Throughout the campaign, which included two mass meetings and a series of rolling stop-work protests, teachers won broad support from wide sections of the population. Central demands included a 30 percent pay rise over three years, no more than 20 students per class, and the establishment of permanent positions for those teachers on contracts who now comprise one-fifth of the total workforce. Yet the AEU-Labor deal delivers none of these demands. Instead, first-year and senior teachers receive a nominal pay increase that barely matches the official inflation rate, while everyone else will take a significant real wage cut. Amid escalating interest rates, house prices, rental rates, costs of groceries, transport, and many other necessities, teachers living standards—already substantially lower than those of most workers with comparable qualifications—will be driven down even further.
The impact of the agreement will soon be directly felt in classrooms throughout Victoria. Class sizes will remain unmanageable, and schools will continue to be understaffed. The agreement explicitly endorses the government's right-wing "productivity"-based education "Blueprint", in which underperforming schools will be further starved of funds, forced to close or amalgamate, and it introduces new classifications of teachers such as "executive class"—a means of smuggling in a form of performance pay. Ratification of the deal will serve to formally entrench this agenda, policed by the AEU.
The AEU, the Labor Party, and the political tasks confronting teachers
A number of teachers who oppose the agreement have nevertheless said they intend to vote "yes" because they feel nothing better can be achieved given the AEU's refusal to mount a campaign against the government.
The union has stopped at nothing to cultivate this sentiment. That is why AEU Victorian President Mary Bluett publicly kissed Premier John Brumby in gratitude and hailed the agreement as the best achieved in 25 years. The state's teachers, she crowed, would now be the best paid in the country. These fraudulent claims—made more than a week before teachers were even permitted to read the agreement—were faithfully repeated by every section of the media, leading the public to believe that the teachers' central demands had been met. This outcome was no "misunderstanding", but rather a deliberate attempt by Bluett and her colleagues to present teachers with a fait accompli.

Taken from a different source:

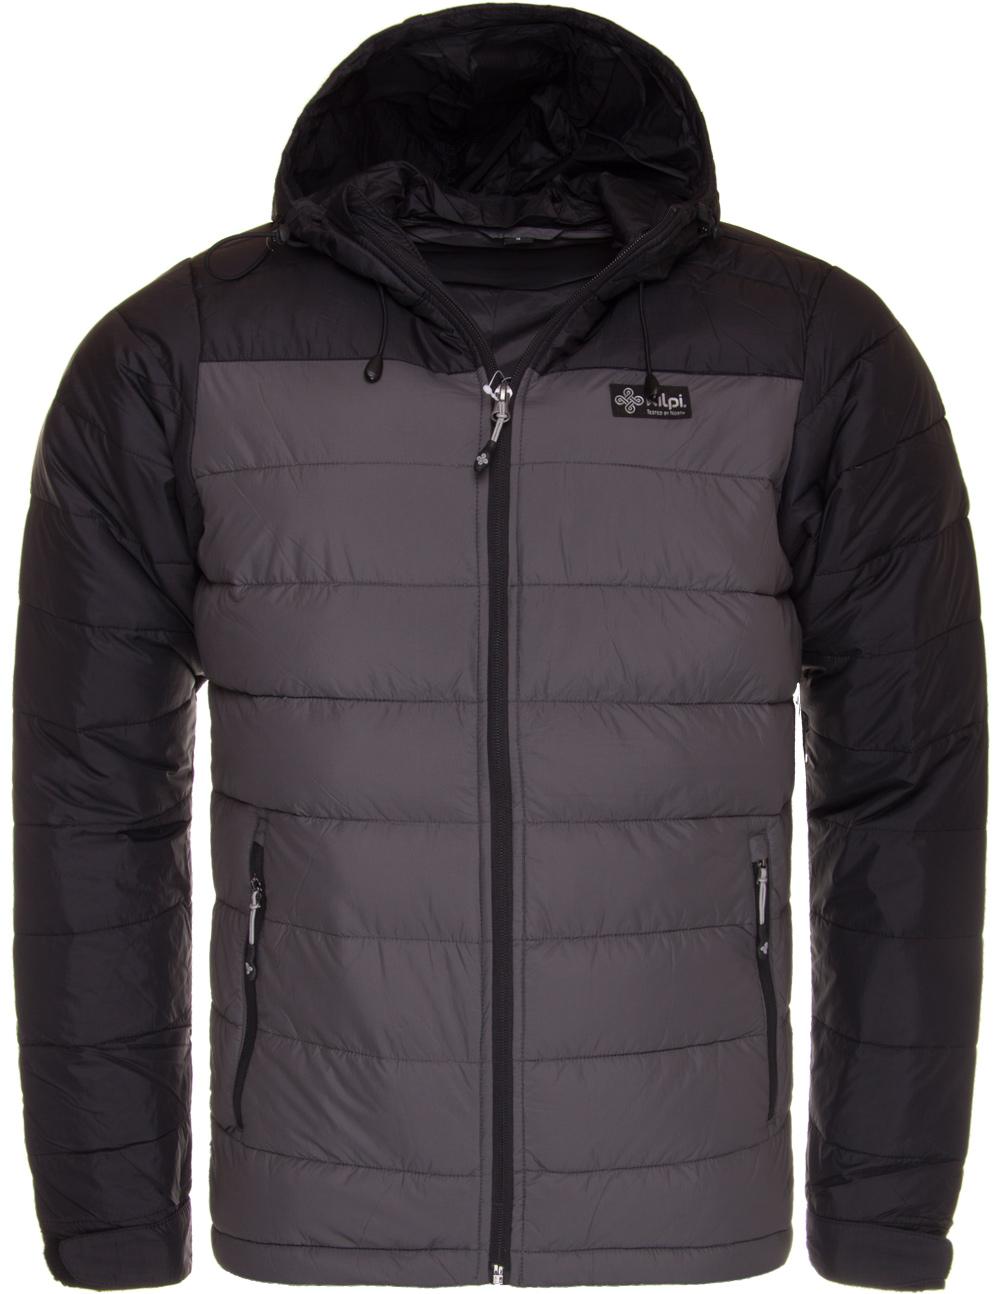 Zimní péřová bunda pánská Kilpi SVALBARD-M

The agreement cannot now be rejected, the union has repeatedly claimed, because a "no" vote would appear greedy and cost teachers the support won throughout their industrial campaign.
The AEU leadership has also threatened that the Brumby government would respond to any rejection of the agreement by invoking the former Howard government's WorkChoices legislation, as it did with the state's nurses—halting negotiations, making illegal any further industrial action, and instructing the arbitration courts to determine the outcome. This would lead, the AEU insists, to the courts imposing a significantly worse settlement. The only realistic and rational course of action, therefore, is to endorse the agreement.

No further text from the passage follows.